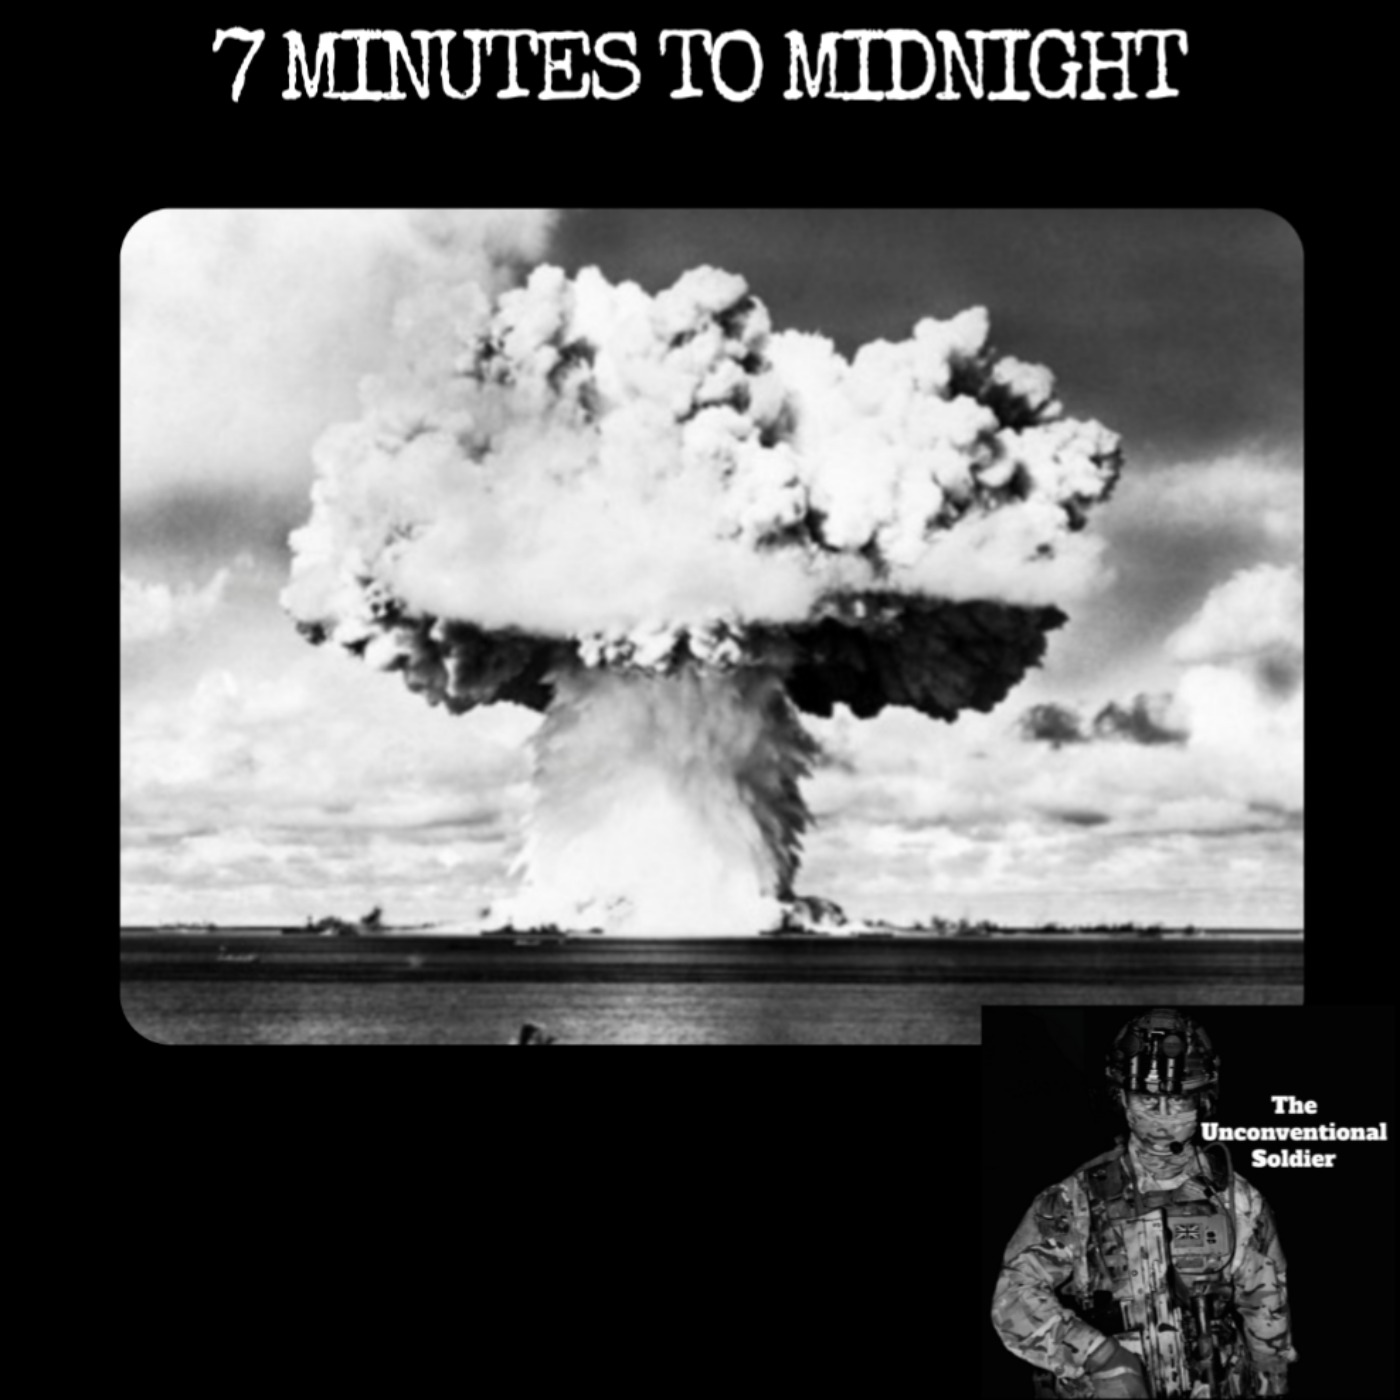 S4 #061 7 Minutes To Midnight - NATO Cold War "Stay Behind" Operations
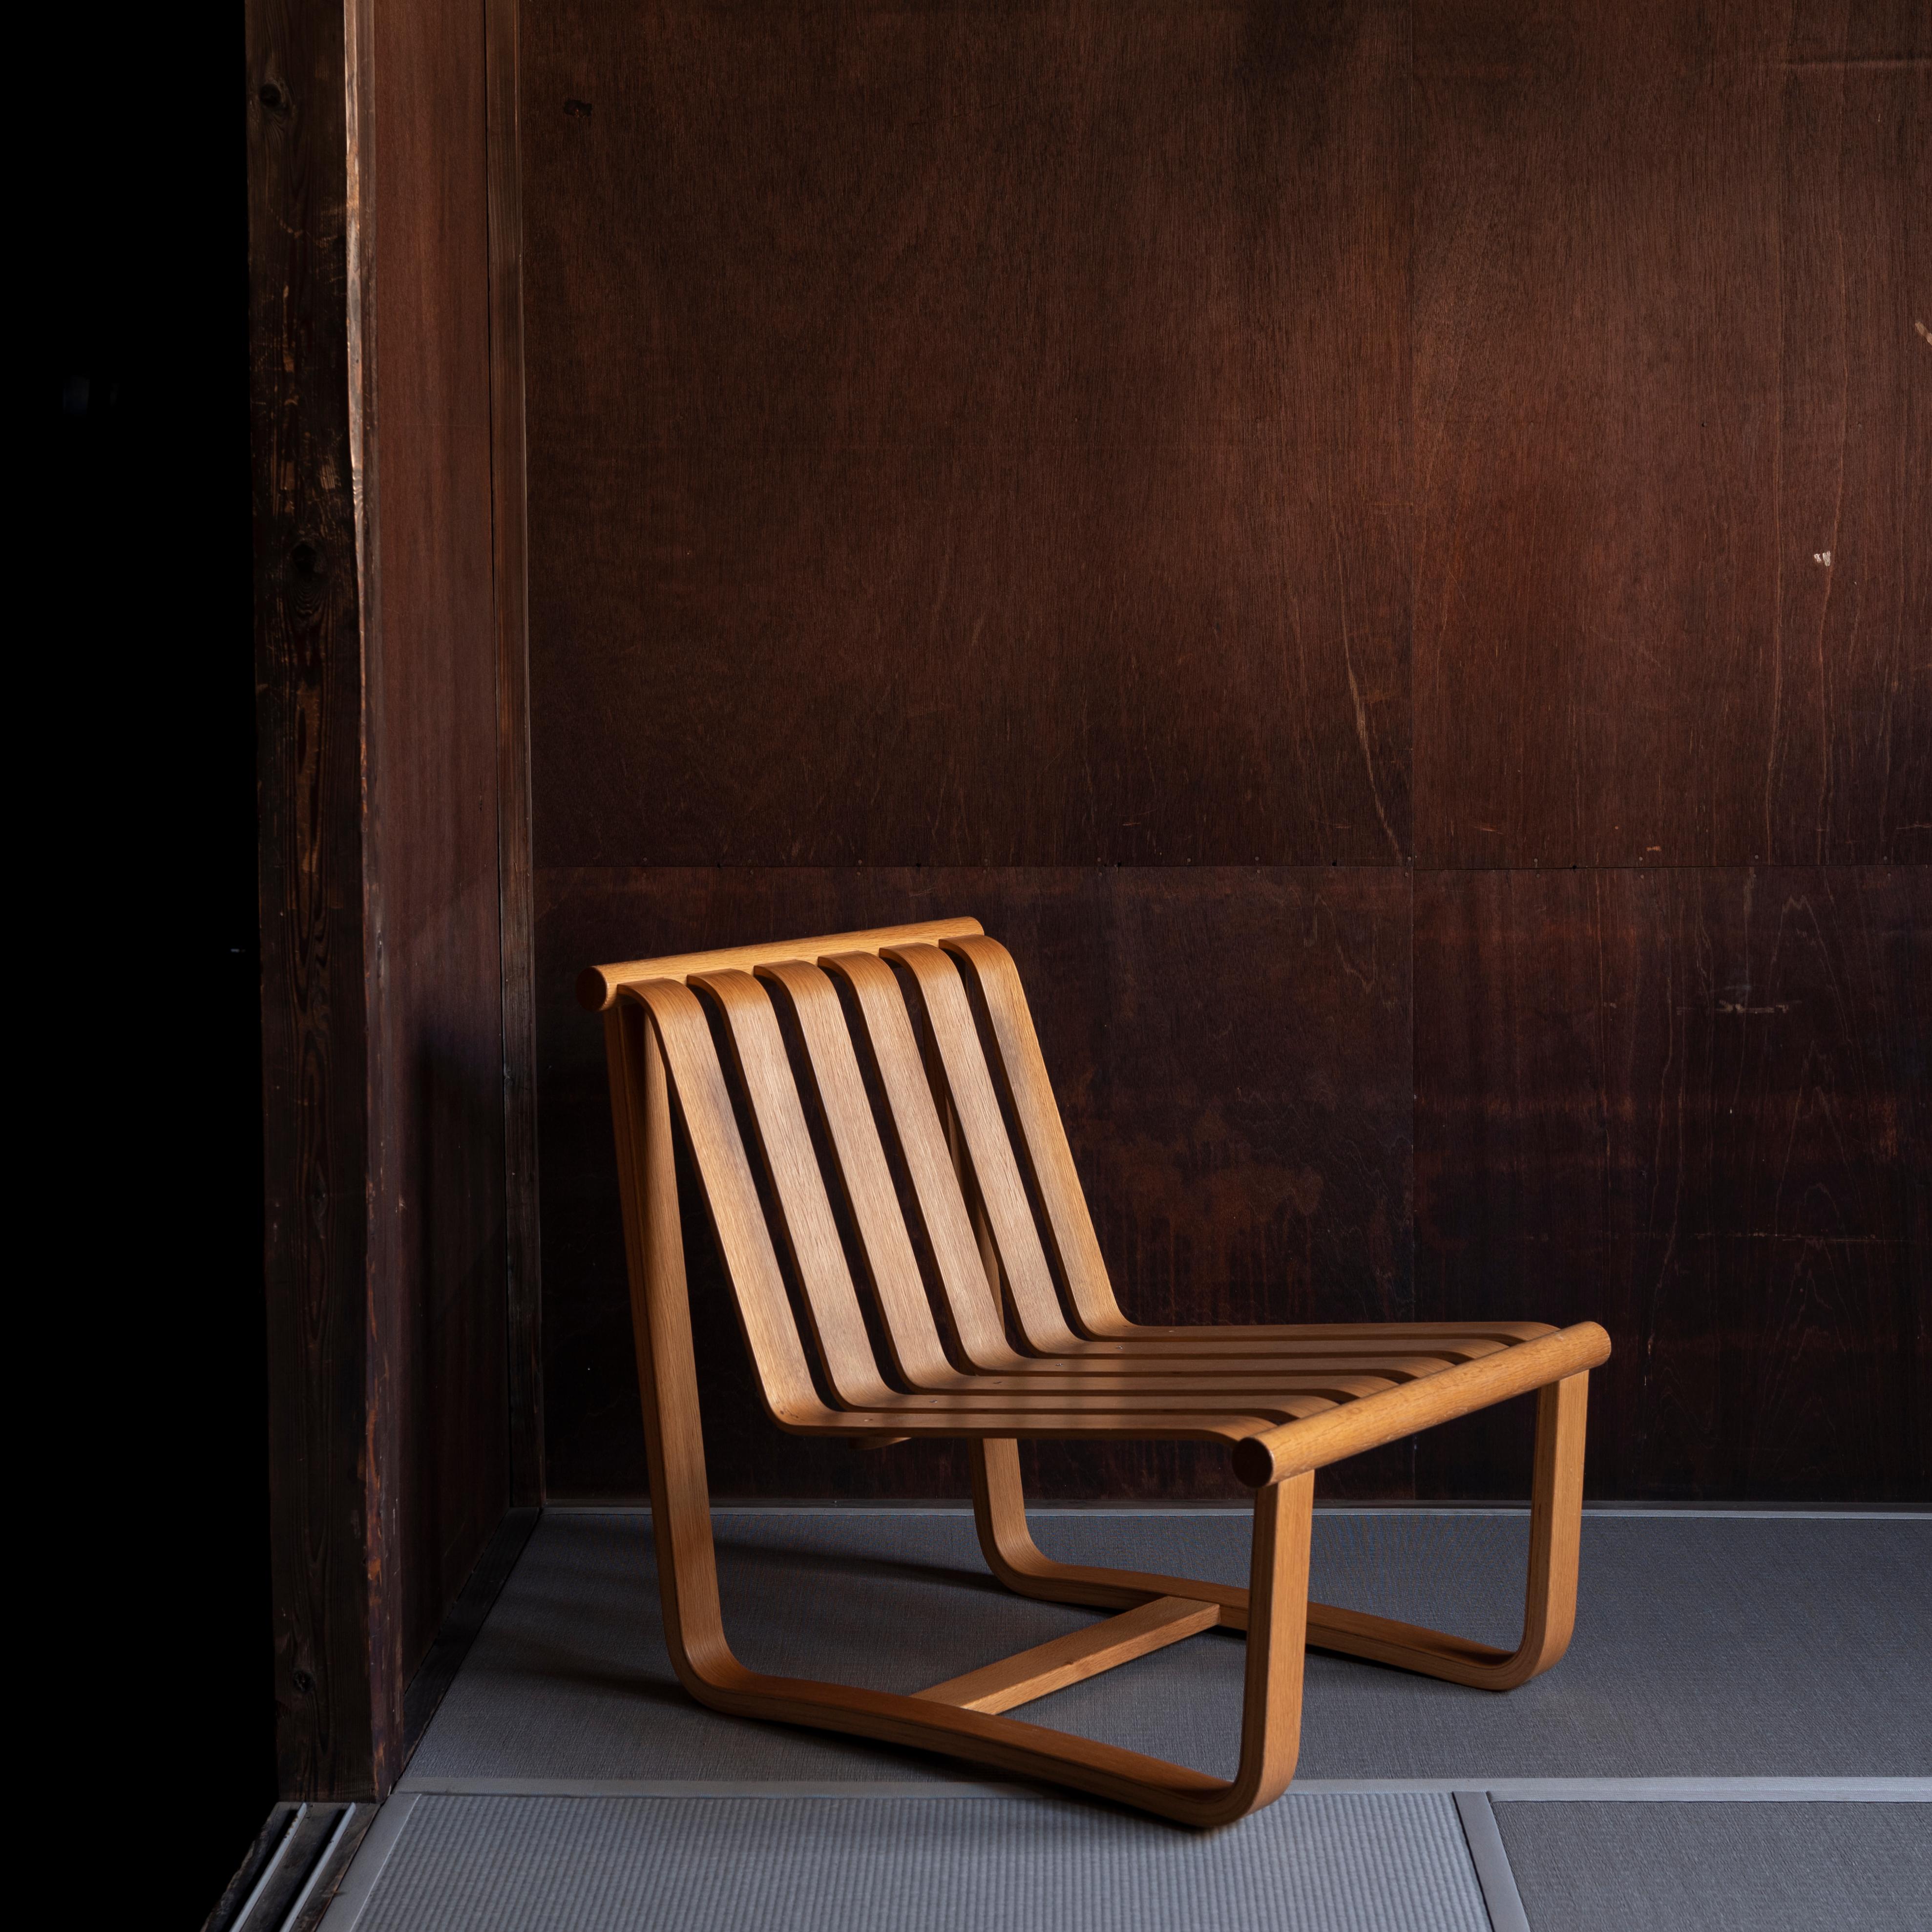 Lounge chair designed by Japanese designer Katsuo Matsumura (1923-1991) and manufactured by Tendo Mokko. Oak, plywood.
This model was released from Tendo Mokko in 1970, and it's already out of production.
This model is also designed to be used on

+ + + + +

● **PROBLEM DESCRIPTION**
Except for the pictures, copy the material above exactly.

● **OUTPUT FOR THIS TASK**
 S4 #061 7 Minutes To Midnight - NATO Cold War "Stay Behind" Operations
 Lounge chair designed by Japanese designer Katsuo Matsumura (1923-1991) and manufactured by Tendo Mokko. Oak, plywood.
This model was released from Tendo Mokko in 1970, and it's already out of production.
This model is also designed to be used on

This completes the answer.